**Work to complete**
Locate the word "Furniture" in the data below, then copy every line that holds it.

**Material shown**
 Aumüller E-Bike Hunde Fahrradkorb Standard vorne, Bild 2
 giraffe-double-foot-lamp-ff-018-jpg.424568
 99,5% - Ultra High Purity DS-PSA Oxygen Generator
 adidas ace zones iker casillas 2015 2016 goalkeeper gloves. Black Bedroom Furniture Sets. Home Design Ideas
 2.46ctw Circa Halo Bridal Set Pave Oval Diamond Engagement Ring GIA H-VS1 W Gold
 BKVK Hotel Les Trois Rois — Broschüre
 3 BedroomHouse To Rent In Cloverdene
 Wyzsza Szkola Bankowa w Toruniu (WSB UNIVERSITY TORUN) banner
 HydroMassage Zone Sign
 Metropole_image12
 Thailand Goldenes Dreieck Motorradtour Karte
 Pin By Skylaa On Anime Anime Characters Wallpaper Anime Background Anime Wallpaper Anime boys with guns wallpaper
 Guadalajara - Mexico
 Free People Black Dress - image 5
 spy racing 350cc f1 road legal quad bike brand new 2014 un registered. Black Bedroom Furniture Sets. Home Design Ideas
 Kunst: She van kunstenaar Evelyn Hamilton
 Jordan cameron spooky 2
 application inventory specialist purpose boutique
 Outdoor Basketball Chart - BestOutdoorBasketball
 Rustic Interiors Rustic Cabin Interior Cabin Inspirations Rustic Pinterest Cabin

**Answer**
 adidas ace zones iker casillas 2015 2016 goalkeeper gloves. Black Bedroom Furniture Sets. Home Design Ideas
 spy racing 350cc f1 road legal quad bike brand new 2014 un registered. Black Bedroom Furniture Sets. Home Design Ideas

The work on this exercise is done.